Reproduce the lines below exactly. Skip images.

• **Dataset extract**:
------------
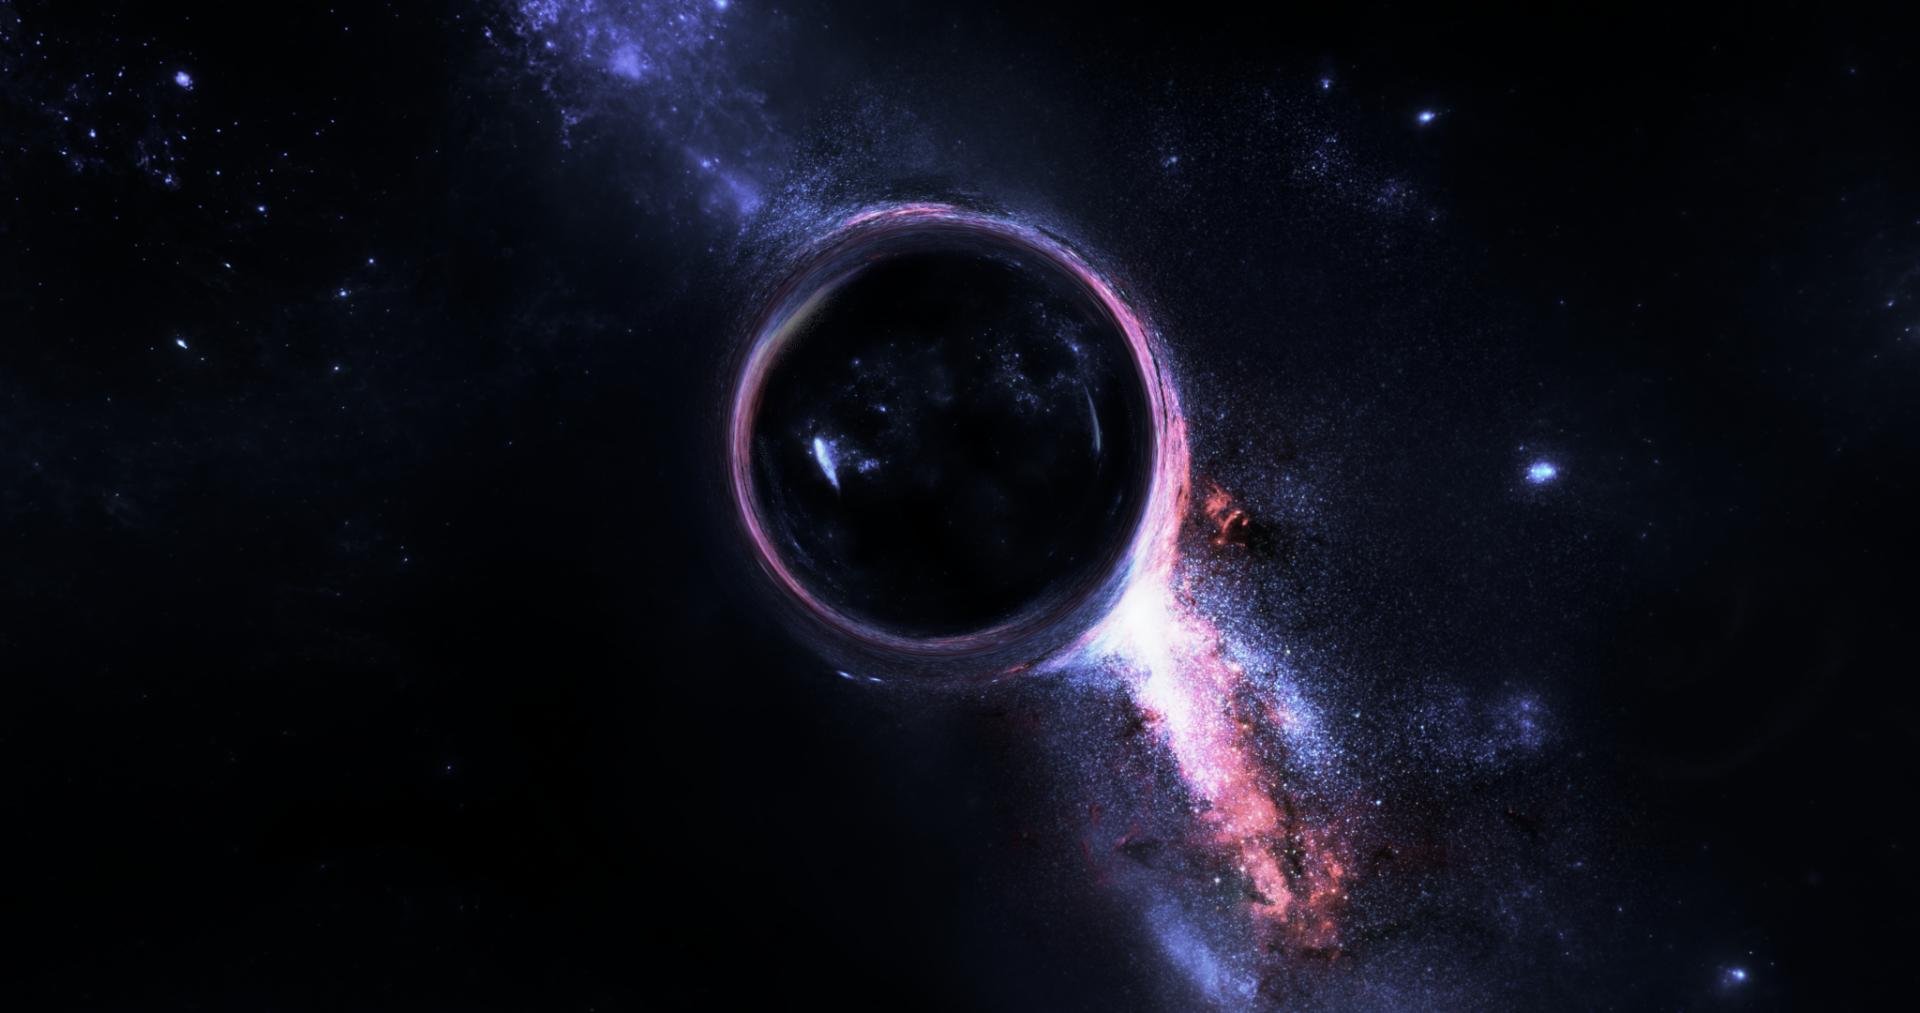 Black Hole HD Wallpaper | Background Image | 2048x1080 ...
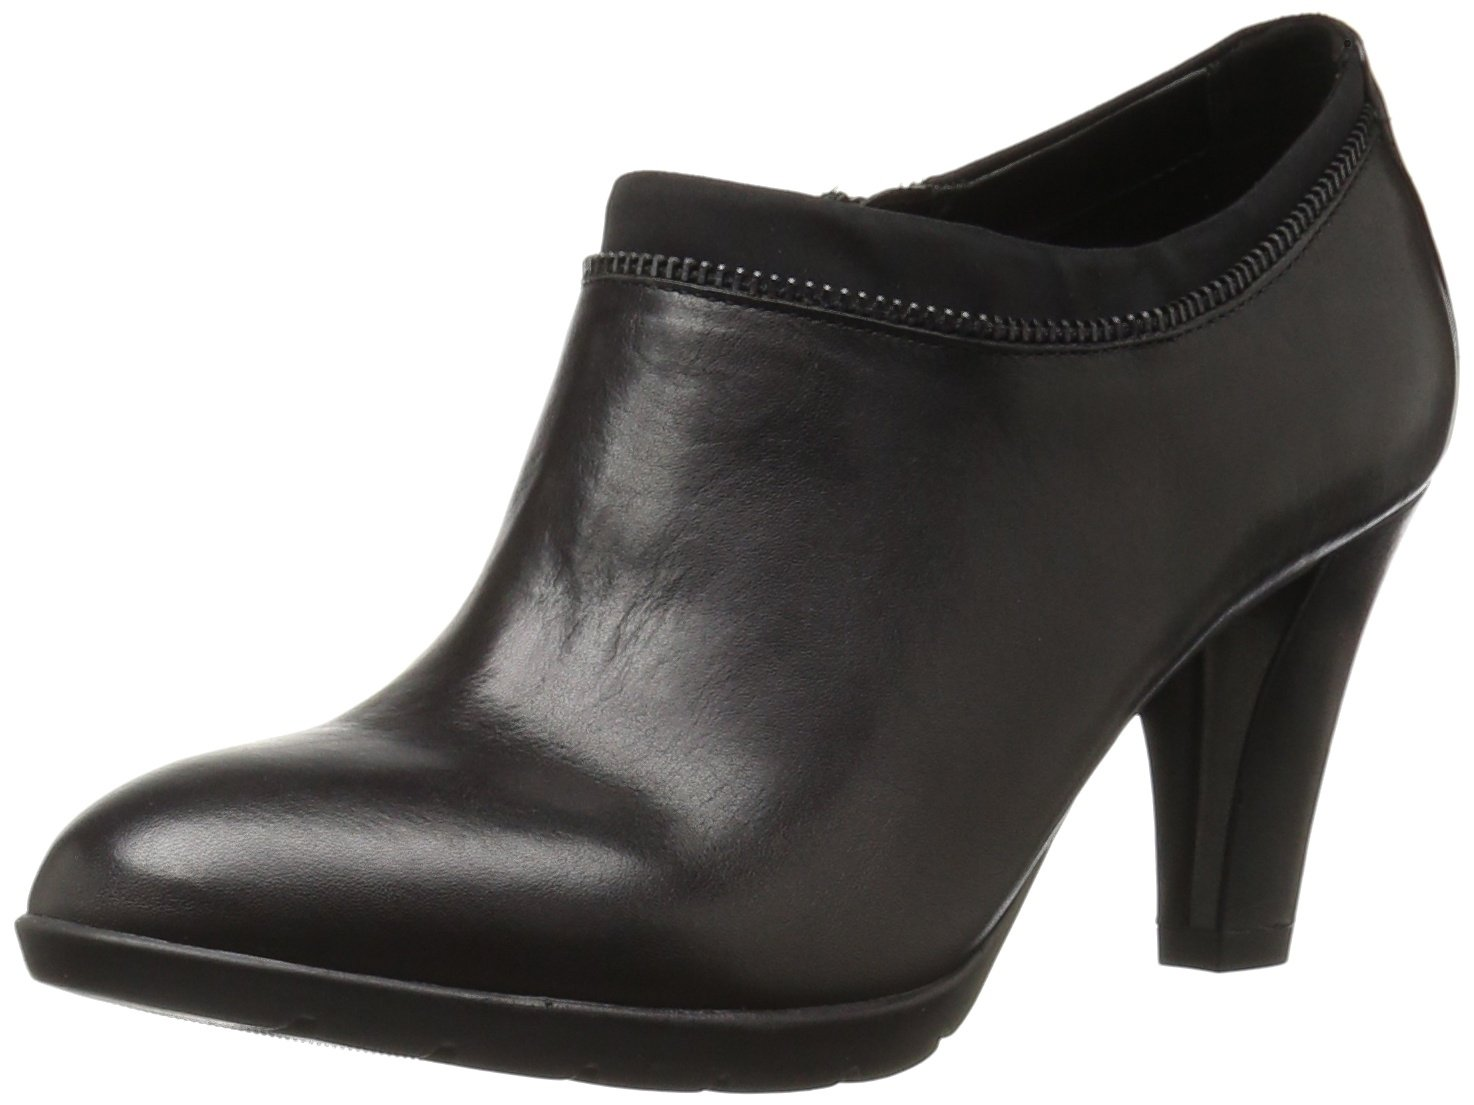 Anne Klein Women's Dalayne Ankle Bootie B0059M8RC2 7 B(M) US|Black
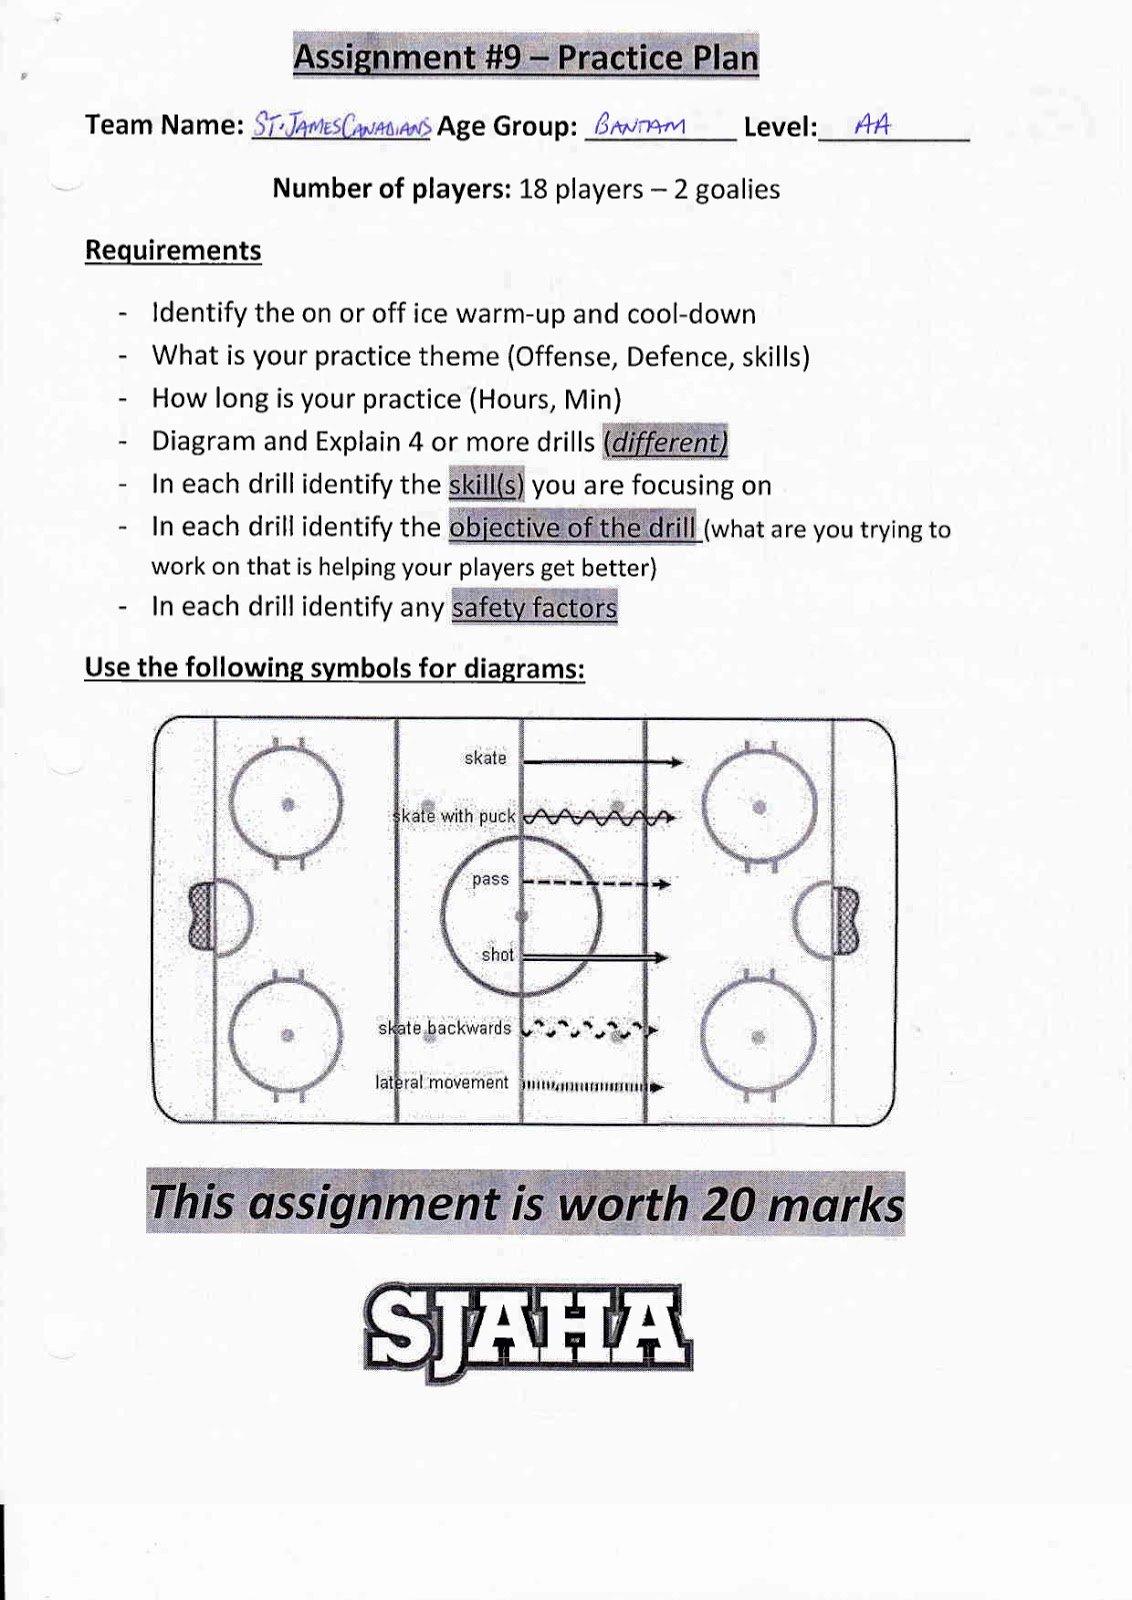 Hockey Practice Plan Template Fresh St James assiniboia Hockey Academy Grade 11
------------
• **Solved exercise**:
 Black Hole HD Wallpaper | Background Image | 2048x1080 ...
 Anne Klein Women's Dalayne Ankle Bootie B0059M8RC2 7 B(M) US|Black
 Hockey Practice Plan Template Fresh St James assiniboia Hockey Academy Grade 11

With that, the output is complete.